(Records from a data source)
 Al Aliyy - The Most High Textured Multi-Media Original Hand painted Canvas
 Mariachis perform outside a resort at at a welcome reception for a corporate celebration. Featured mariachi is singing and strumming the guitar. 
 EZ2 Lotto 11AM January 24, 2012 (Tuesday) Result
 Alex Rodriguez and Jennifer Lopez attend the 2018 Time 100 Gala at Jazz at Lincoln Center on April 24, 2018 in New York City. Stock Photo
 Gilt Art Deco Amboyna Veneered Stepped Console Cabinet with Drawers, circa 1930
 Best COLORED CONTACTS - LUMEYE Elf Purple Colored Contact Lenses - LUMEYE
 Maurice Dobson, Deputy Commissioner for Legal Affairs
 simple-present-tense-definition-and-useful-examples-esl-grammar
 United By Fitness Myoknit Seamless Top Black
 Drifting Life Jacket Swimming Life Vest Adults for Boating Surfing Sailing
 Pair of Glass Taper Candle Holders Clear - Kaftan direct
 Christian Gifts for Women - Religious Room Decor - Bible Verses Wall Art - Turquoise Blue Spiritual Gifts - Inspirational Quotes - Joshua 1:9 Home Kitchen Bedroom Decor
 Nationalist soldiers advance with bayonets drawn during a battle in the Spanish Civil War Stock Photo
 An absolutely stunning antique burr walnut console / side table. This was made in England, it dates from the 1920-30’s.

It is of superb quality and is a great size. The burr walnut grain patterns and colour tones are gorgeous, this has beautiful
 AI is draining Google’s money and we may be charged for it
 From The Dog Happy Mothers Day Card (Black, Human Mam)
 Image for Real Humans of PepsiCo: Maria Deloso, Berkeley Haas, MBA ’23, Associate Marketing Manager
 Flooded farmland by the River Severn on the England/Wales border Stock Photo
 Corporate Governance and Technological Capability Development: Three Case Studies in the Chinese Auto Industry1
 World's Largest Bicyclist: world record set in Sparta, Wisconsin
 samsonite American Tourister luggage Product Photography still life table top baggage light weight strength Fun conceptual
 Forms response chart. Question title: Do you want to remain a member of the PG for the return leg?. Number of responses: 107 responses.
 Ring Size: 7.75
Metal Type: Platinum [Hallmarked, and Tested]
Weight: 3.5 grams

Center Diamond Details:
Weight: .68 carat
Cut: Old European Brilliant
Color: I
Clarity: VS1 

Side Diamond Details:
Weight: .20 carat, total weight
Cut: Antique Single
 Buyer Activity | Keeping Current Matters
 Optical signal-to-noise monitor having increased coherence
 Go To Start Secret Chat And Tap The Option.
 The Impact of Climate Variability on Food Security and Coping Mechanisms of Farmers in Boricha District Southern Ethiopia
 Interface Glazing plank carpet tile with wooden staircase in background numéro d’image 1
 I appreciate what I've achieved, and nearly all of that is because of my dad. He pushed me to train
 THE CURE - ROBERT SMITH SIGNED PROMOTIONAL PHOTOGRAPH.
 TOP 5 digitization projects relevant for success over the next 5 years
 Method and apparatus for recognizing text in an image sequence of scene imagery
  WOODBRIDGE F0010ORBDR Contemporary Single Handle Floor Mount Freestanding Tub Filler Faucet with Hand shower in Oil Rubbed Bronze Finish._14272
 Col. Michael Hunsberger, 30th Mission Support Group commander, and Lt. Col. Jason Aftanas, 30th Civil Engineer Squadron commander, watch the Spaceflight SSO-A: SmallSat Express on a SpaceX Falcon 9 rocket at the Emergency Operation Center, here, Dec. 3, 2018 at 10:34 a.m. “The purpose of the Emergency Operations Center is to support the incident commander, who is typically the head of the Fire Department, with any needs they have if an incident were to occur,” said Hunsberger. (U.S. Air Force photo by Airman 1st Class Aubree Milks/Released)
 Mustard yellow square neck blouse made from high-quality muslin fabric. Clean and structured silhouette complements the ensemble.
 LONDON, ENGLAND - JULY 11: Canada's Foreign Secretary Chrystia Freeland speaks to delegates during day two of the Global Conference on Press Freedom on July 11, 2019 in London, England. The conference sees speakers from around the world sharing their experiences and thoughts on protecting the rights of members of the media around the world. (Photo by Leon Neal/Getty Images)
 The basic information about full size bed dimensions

> [PROBLEM STATEMENT]: Starting at the line above that contains "THE CURE - ROBERT", repeat each line exactly up to and including the line that contains "Mustard yellow square", and stop there.

> [SOLUTION FOR THIS TASK]:
 THE CURE - ROBERT SMITH SIGNED PROMOTIONAL PHOTOGRAPH.
 TOP 5 digitization projects relevant for success over the next 5 years
 Method and apparatus for recognizing text in an image sequence of scene imagery
  WOODBRIDGE F0010ORBDR Contemporary Single Handle Floor Mount Freestanding Tub Filler Faucet with Hand shower in Oil Rubbed Bronze Finish._14272
 Col. Michael Hunsberger, 30th Mission Support Group commander, and Lt. Col. Jason Aftanas, 30th Civil Engineer Squadron commander, watch the Spaceflight SSO-A: SmallSat Express on a SpaceX Falcon 9 rocket at the Emergency Operation Center, here, Dec. 3, 2018 at 10:34 a.m. “The purpose of the Emergency Operations Center is to support the incident commander, who is typically the head of the Fire Department, with any needs they have if an incident were to occur,” said Hunsberger. (U.S. Air Force photo by Airman 1st Class Aubree Milks/Released)
 Mustard yellow square neck blouse made from high-quality muslin fabric. Clean and structured silhouette complements the ensemble.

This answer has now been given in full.